Prove that the function $f(n) = n! - 2^n$ is positive for $n \ge 4$

Question

1. n ∈ N and $P(n) : n! − 2^n > 0$.
2. $P(4) : 4! − 16 > 0$ is true.
3. $P(m)$ is true, m ≥ 4.
4. $m! − 2^m > 0$, from step 3.
5. $(m+1)! − 2^{m+1} = (m+1)\cdot m! − 2\cdot2^m$.
6. $m+1 > 2$, from step 3.
7. $(m+1)(m! − 2^m)>m! − 2^m$, from steps 4 and 5.
8. $P(m+1)$ is true, from steps 4 and 6.
9. $P(m)⇒P(m+1)$.
10. From steps 2 and 9 infer P(n) is true.

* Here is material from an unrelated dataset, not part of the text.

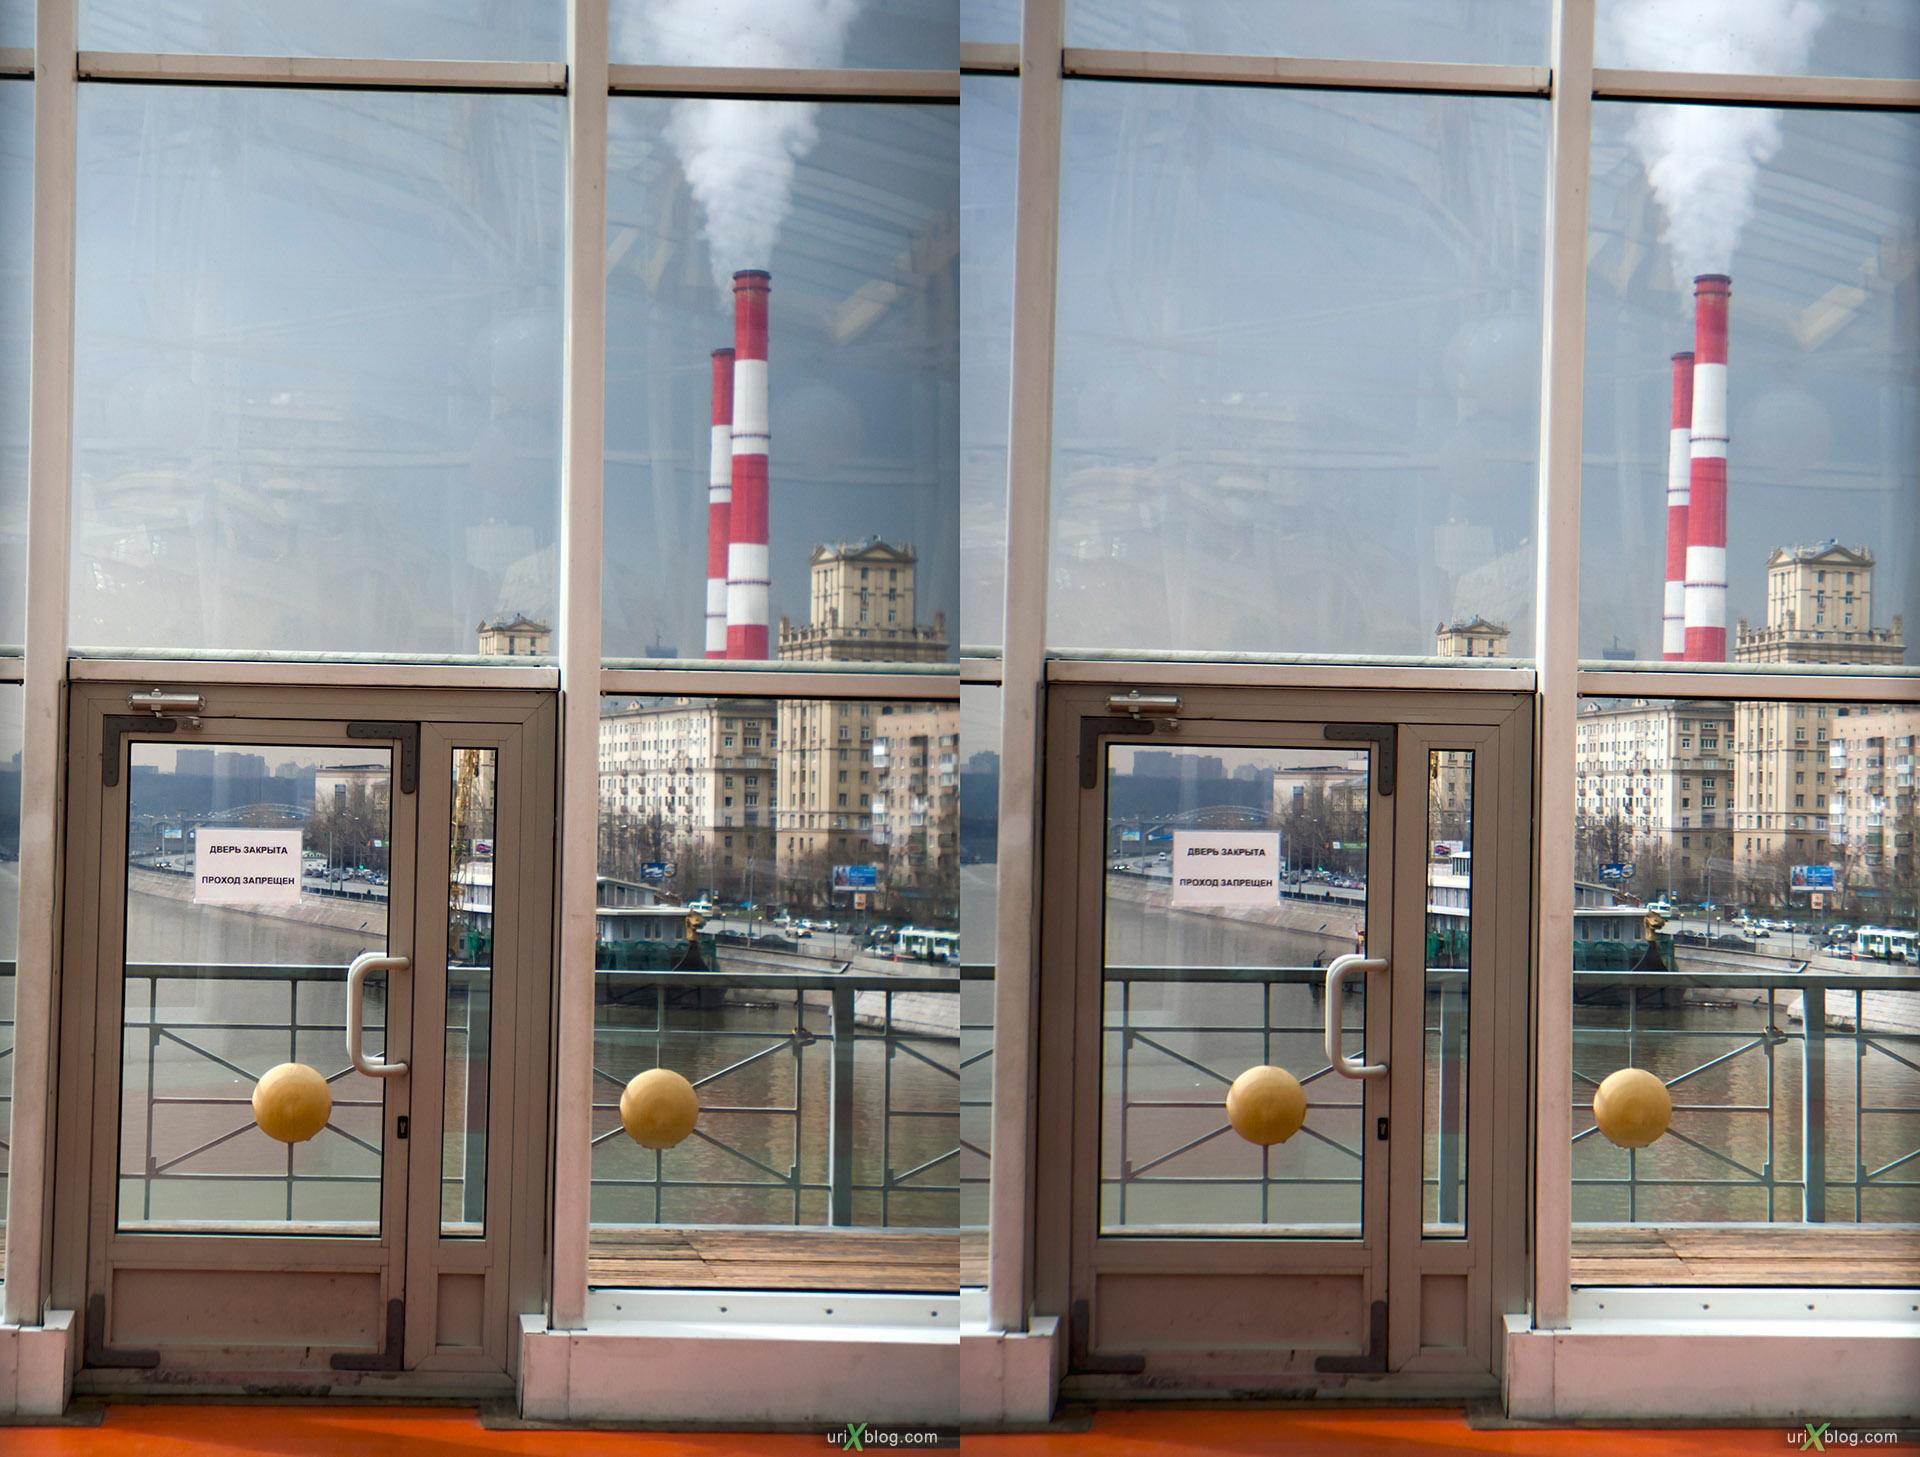 Loreo 3D lens in a cap стерео, стереопара Moscow, Kievsky Bridge, Bogdan Khmelnitskiy Bridge, Киевский мост, мост Богдана Хмельницкого, Москва, stereo, стерео, cross-eyed, 3D

I don't understand step 5. $(m+1)\cdot m! − 2\cdot 2^m$.

Answer 1

$$\begin{align} (m+1)!&=(m+1)\cdot m\cdot(m-1)\cdots2\cdot1\\ &=(m+1)\cdot m!\\ \end{align}$$

And $$\begin{align} 2^{m+1} &=\underbrace{2\cdot2\cdots2\cdot2}_{m+1 \text{times}}\\ &=2\cdot\underbrace{2\cdot2\cdots2\cdot2}_{m \text{times}}\\ &=2\cdot2^m\\ \end{align}$$

Answer 2

Hint:-

$\left((m+1)!-2^{m+1}\right)-\left(m!-2^{m}\right)=m!(m+1)-2^m>0$

Answer 3

Step 5 is trying to write the result for m+1 in terms of the result for m so that induction can be used.